Torika works across a range of media, including photography, video and mixed media site-specific installation. Her interdisciplinary practice investigates the relationship between visual culture, human ecology, postcolonial counter narrative and visual historiography of the Black Pacific. She is interested in exploring the tensions and intersections between gender, embodied knowledge, commodification, migration and globalization.
Torika’s work has been exhibited in New York, San Francisco, Mexico City, Yogyakarta and throughout Aotearoa, New Zealand and Australia. She has published in peer-reviewed journals and presented at local and international conferences and symposia about the representation of mixed-race identity; Pacific arts practice in Australia and Fiji; representations of teachers and teaching in cinema; and gender and militarism in the Pacific.
In her role as Symposium coordinator for the Contemporary Pacific Arts Festival in 2013 and 2014, Torika curated multiple panels to extend the discourse around contemporary Pacific arts practice in Australia and invited speakers to reflect on themes such as art and activism, museums, collecting and curating, cultural appropriation and contemporary practice. She also produced the symposium publication Mana Motu.

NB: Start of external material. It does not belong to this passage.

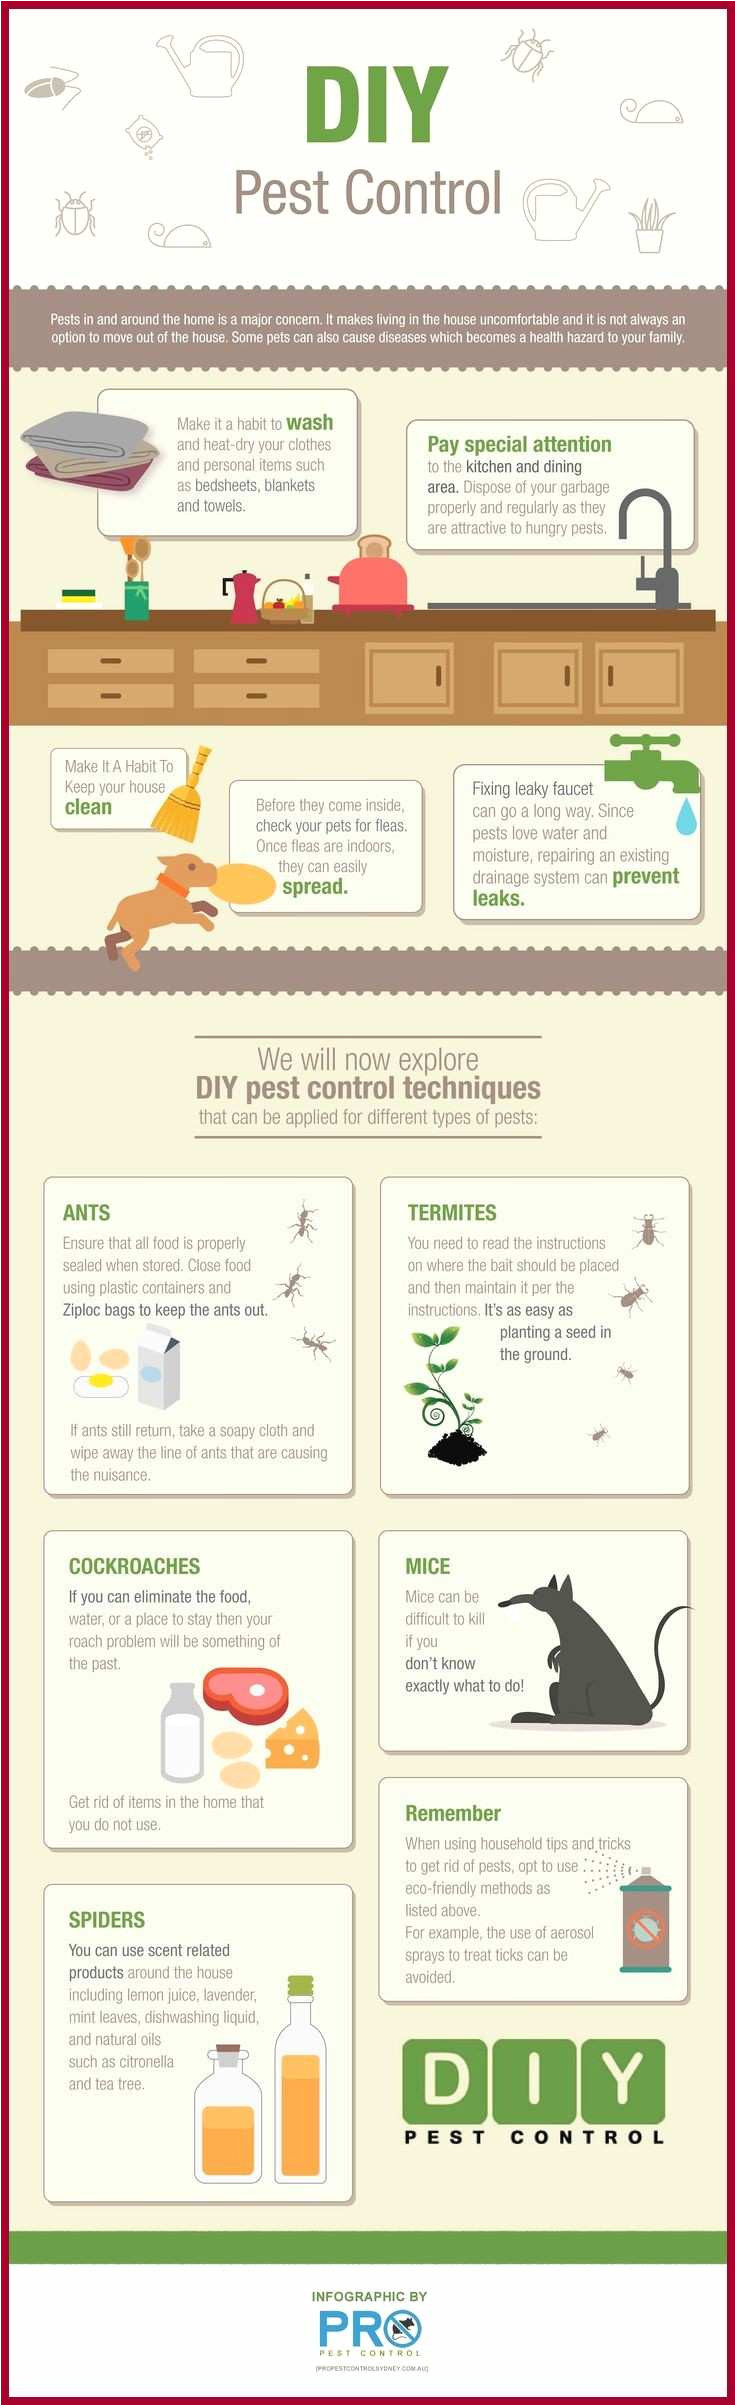 pest control business for sale nj best of 48 best mercial pest control images on pinterest

As well as 11 years experience teaching at tertiary level, Torika also has experience facilitating youth arts workshops for the local Pacific community, most recently the Pacific Photobook Project in Melbourne and Sydney.
Torika also presents the Community Reading Room – a pop-up destination for research, community discussion and engagement around international visual arts and culture, with a particular focus on contemporary art and theory from Oceania, Africa and the Americas. The Community Reading Room has appeared at Colour Box Studio (2013) and the Footscray Community Arts Centre (2014).
Torika is a photography lecturer in the School of Communication and Creative Arts at Deakin University, Melbourne where she teaches contemporary theory and practice. She is currently undertaking a PhD at the School of Art and Design, University of New South Wales.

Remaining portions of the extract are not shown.